FROSTY CHINA TIES TO BLAME
Politics menace panda program

By ANRI HIGA

After Shuan Shuan, a female panda, returned home to Mexico following an unfruitful courtship at Tokyo's Ueno Zoo with male panda Ling Ling, zoo officials fret they may have no pandas at all soon due to worsening ties with China.
Breeding staff at the zoo say that whereas 18-year-old Shuan Shuan was quite bold, the timid 20-year-old Ling Ling was so scared of her that they had no chemistry. Artificial insemination attempts also failed.
"I feel as if an era has ended," said zoo veterinarian Fumitaka Hashizaki, 57.
In 1972 Lan Lan and Kang Kang were donated to the zoo by China as a symbol of friendship between the two countries. The day they made their public debut, visitors waiting for a glimpse formed a line stretching 2 km long. That year 7 million people visited the zoo, sparking a nationwide panda boom.

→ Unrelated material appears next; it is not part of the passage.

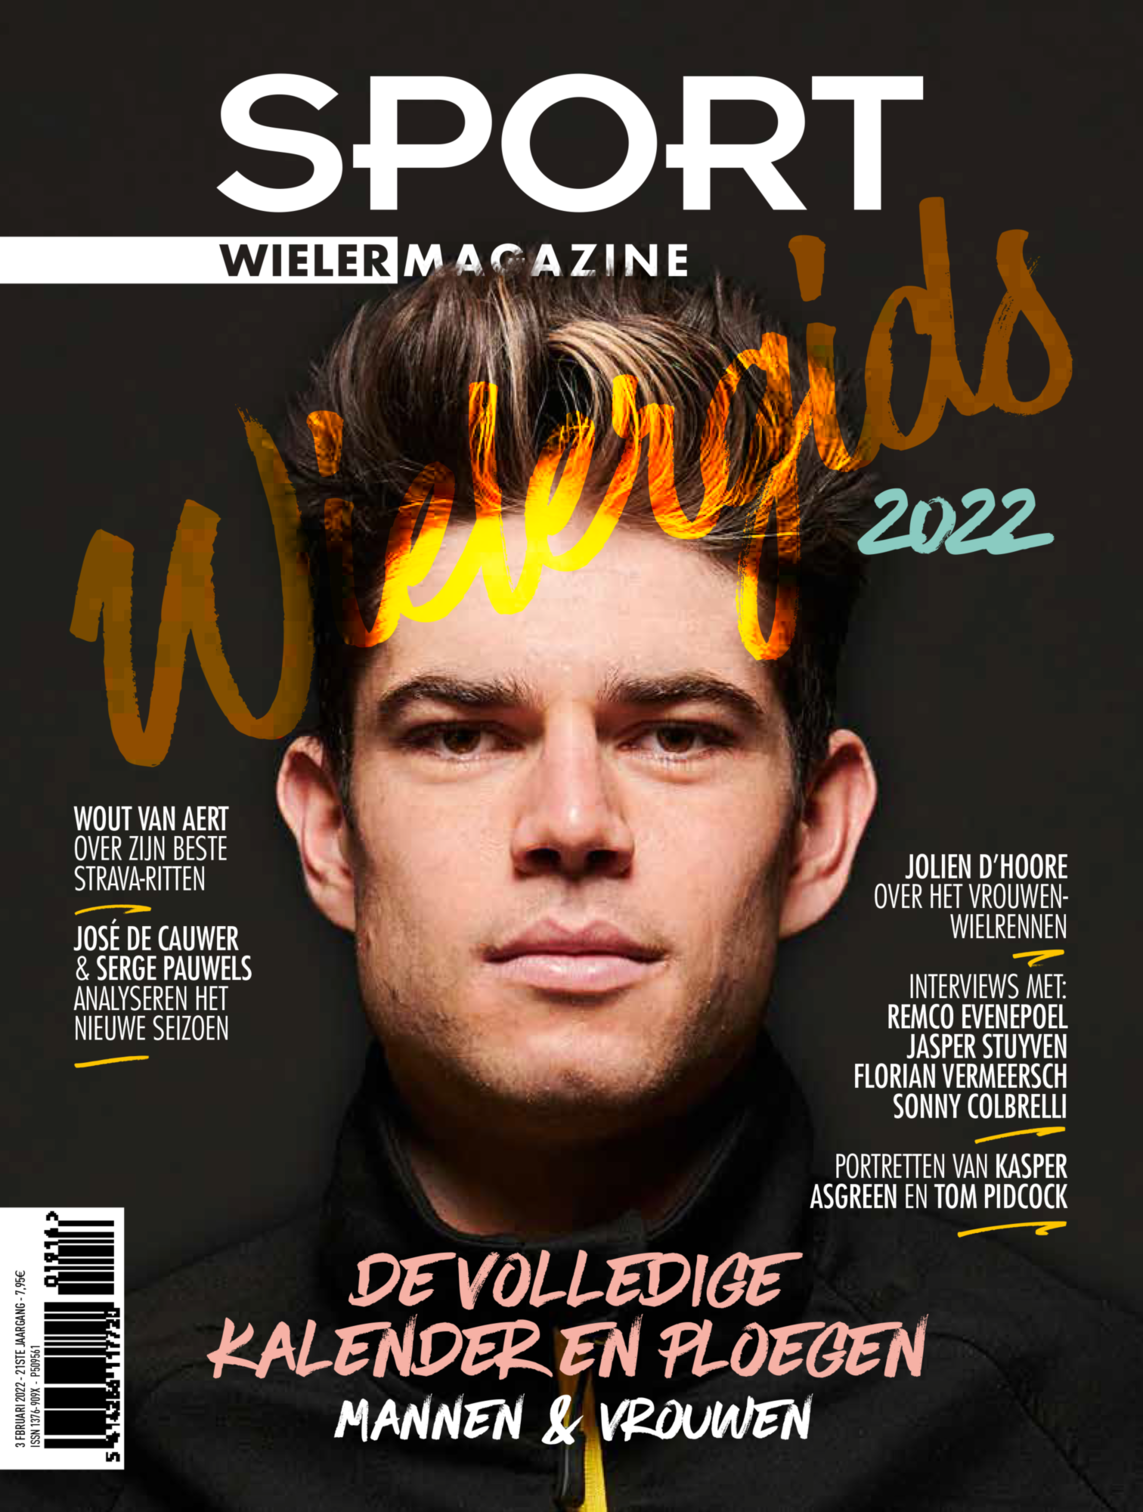 Sport/Wielermagazine

After the two pandas died, China sent Huan Huan and Fei Fei, and they had three cubs -- Chu Chu, Tong Tong and You You. Ling Ling was also sent to the zoo, which now receives about 3 million visitors per year.
But the pandas have since either died or been transferred to other zoos and now there is only Ling Ling, who is showing his age. Pandas have an average life expectancy of about 25 years, and the death rate rises after they turn 20. If Ling Ling dies, the number of visitors to the zoo is expected to plummet.
Pandas are threatened with extinction and China stopped donating them to foreign countries in 1982. Fei Fei was the last panda allowed to leave the country.
In an exception to the restriction, China is preparing to donate a panda to Taiwan, but doing the same for Japan would be difficult because relations between Japan and China are at their worst in decades.
Like Oji Zoo in Kobe, Ueno Zoo could pay to rent a panda from another zoo, but according to a zoo official, the rental fee is more than 100 million yen per panda.
Ueno Zoo is pinning its hopes for a new panda on artificial insemination in Mexico using frozen sperm donated by Ling Ling. But even if artificial insemination is successful, Ueno Zoo would only have the right to a second and subsequent cubs.
"We would like to continue to help breeding in Mexico," said the head of the zoo, Teruyuki Komiya, 57.
Yoshiaki Sagawa, who has been caring for Ling Ling for more than five years, said, "If you see (pandas) every day, you can understand their daily physical condition by how they look,"
Ling Ling is now going gray. "He is losing his appetite due to his advanced age," Sagawa said. "If the price of his favorite -- persimmons -- falls, I would like to give some to him."